As China’s State Planner National Development and Reform Commission of the People’s Republic of China  mentioned on Wednesday that it will take measures to unleash consumption potential and to make continuous efforts in stabilising and expanding manufacturing investment, hopes for more Chinese investment also supported the AUDNZD recovery alongside the US-inspired run-up. Wall Street closed higher while Treasury bond yields remained firmer at a two-week high, illustrating the risk-on scenario. Moving on, traders who are interested in the AUDNZD pair should pay close attention to the Australia Employment data for April, as the headline Employment Change is forecast to decline to 25K from 53K previously, while the Unemployment Rate and Participation Rate may remain unchanged at 3.5% and 66.7%, respectively.
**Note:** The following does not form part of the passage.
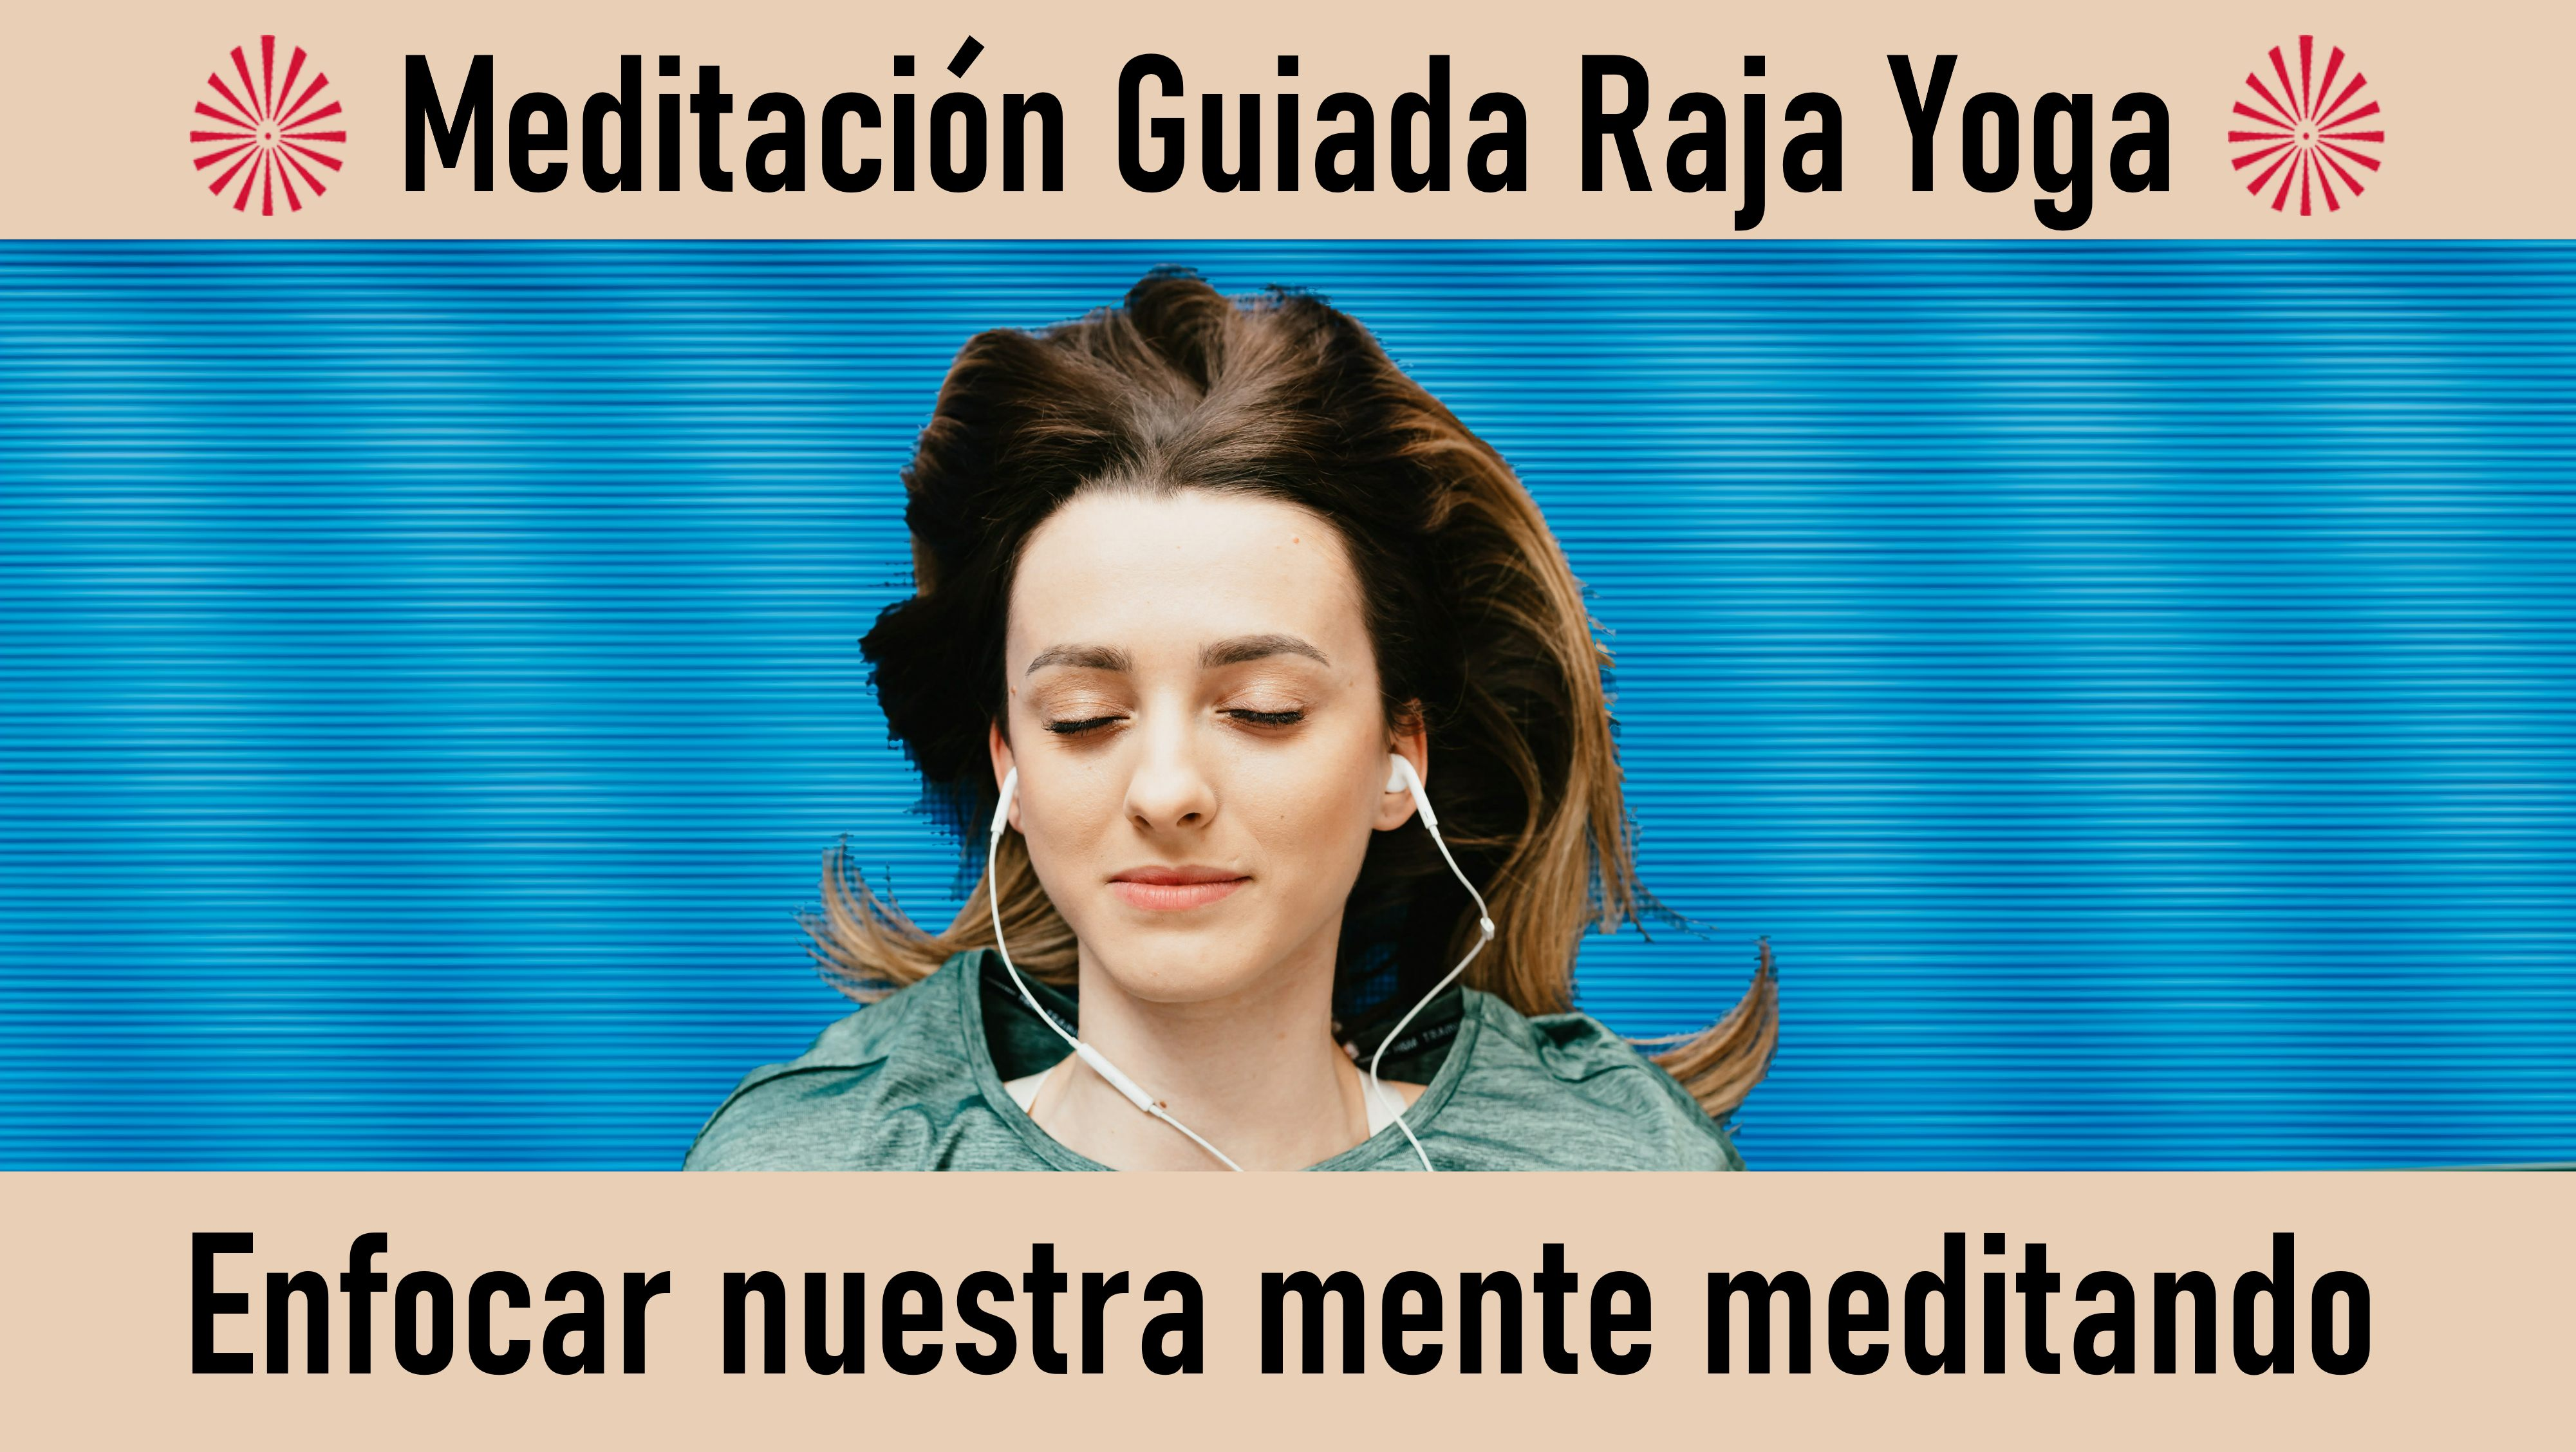 Meditación Raja Yoga: Enfocar nuestra mente meditando (2 Septiembre 2020) On-line desde Sevilla
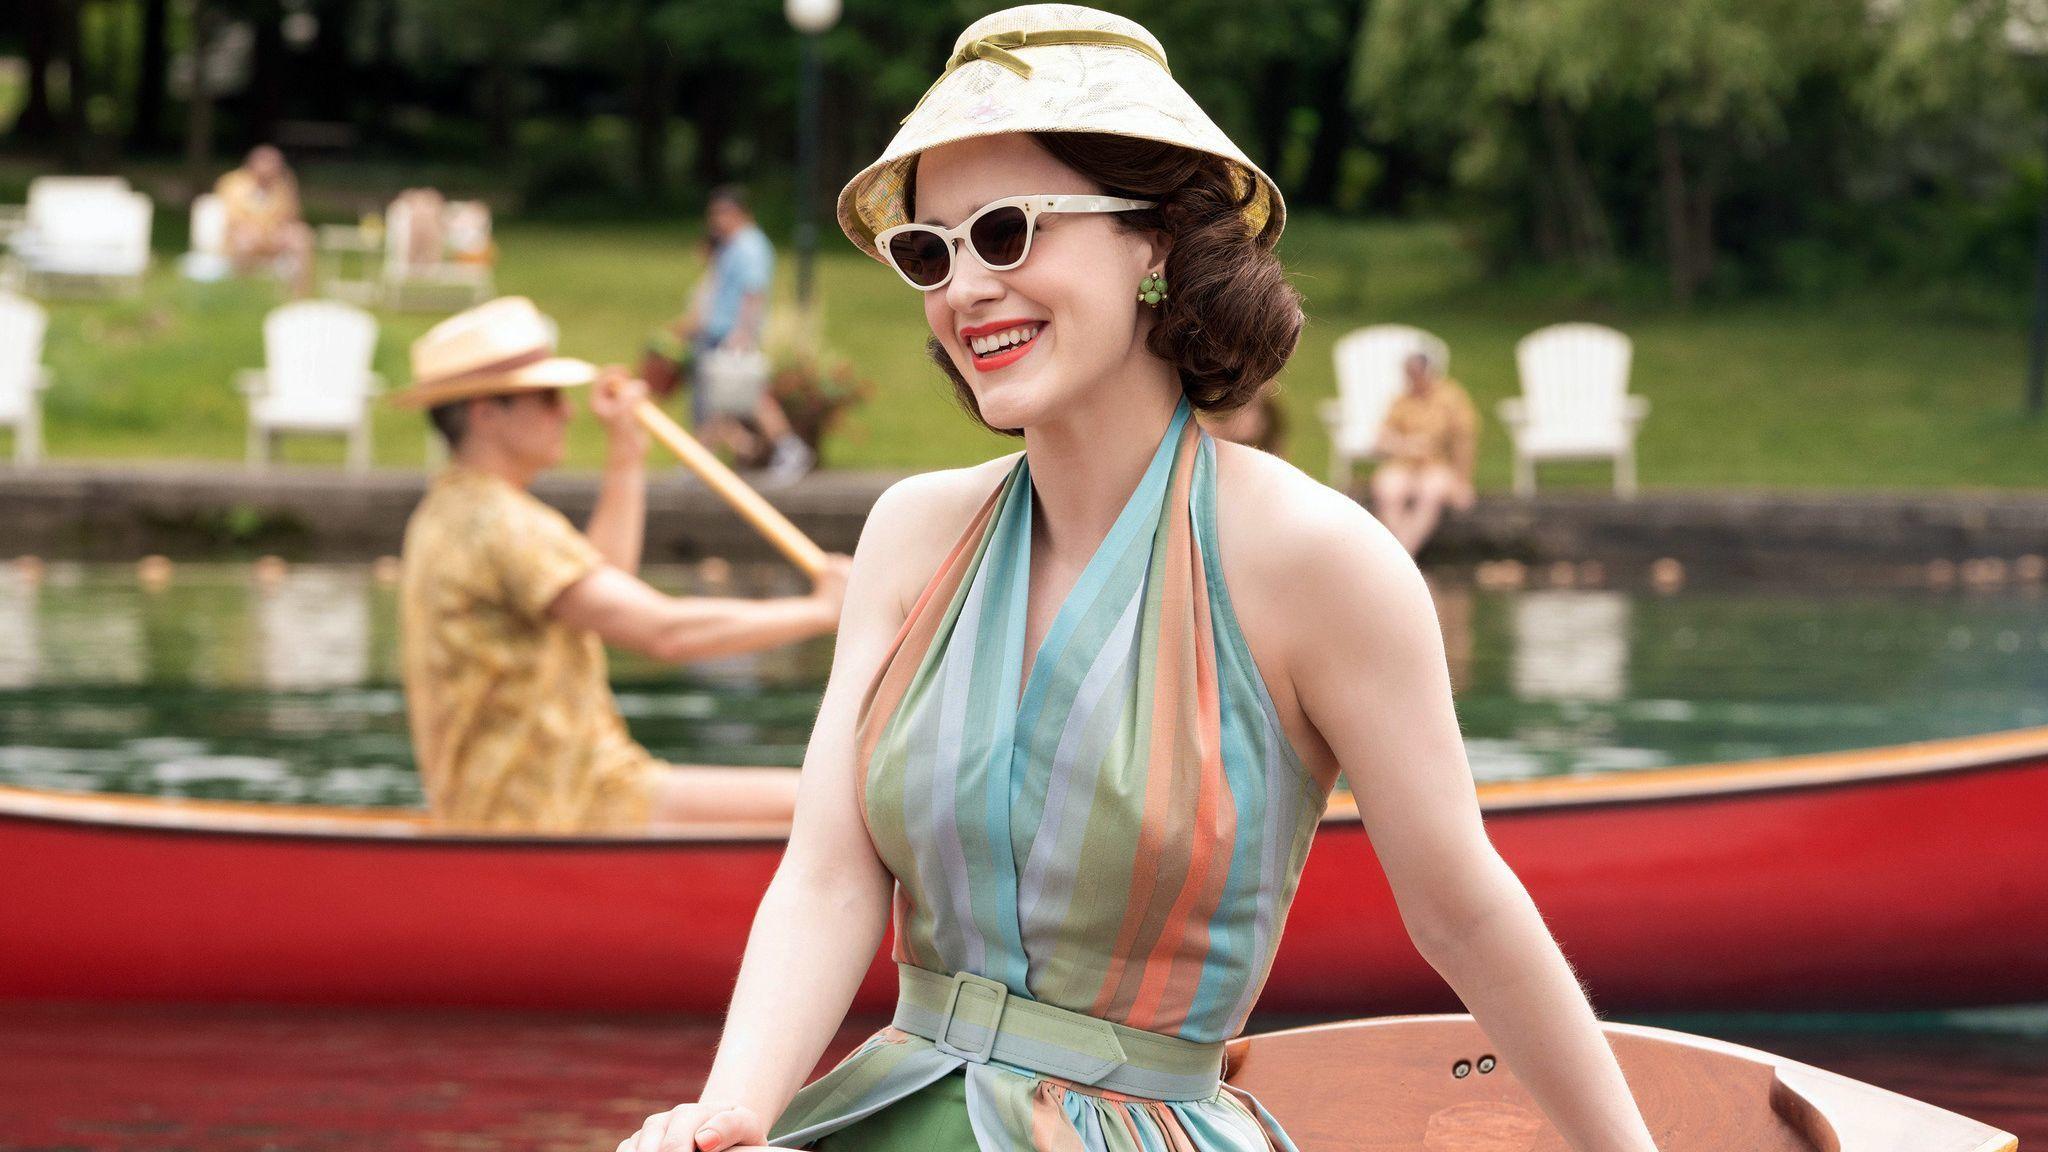 No joke: Amazon series 'The Marvelous Mrs. Maisel' heading to Miami

The RBA will find it difficult to defend the latest hawkish surprise should the data confirm pessimistic predictions or show a further easing of the jobs market, which can weigh on the exchange rate. In order to benefit New Zealand Dollar buyers, the no frills budget also needs to be approved by bond markets and rating agencies. In light of this, ANZ stated, Despite the budget’s no frills reputation prior to its release, we anticipate it will provide some additional stimulus to an already capacity-constrained economy.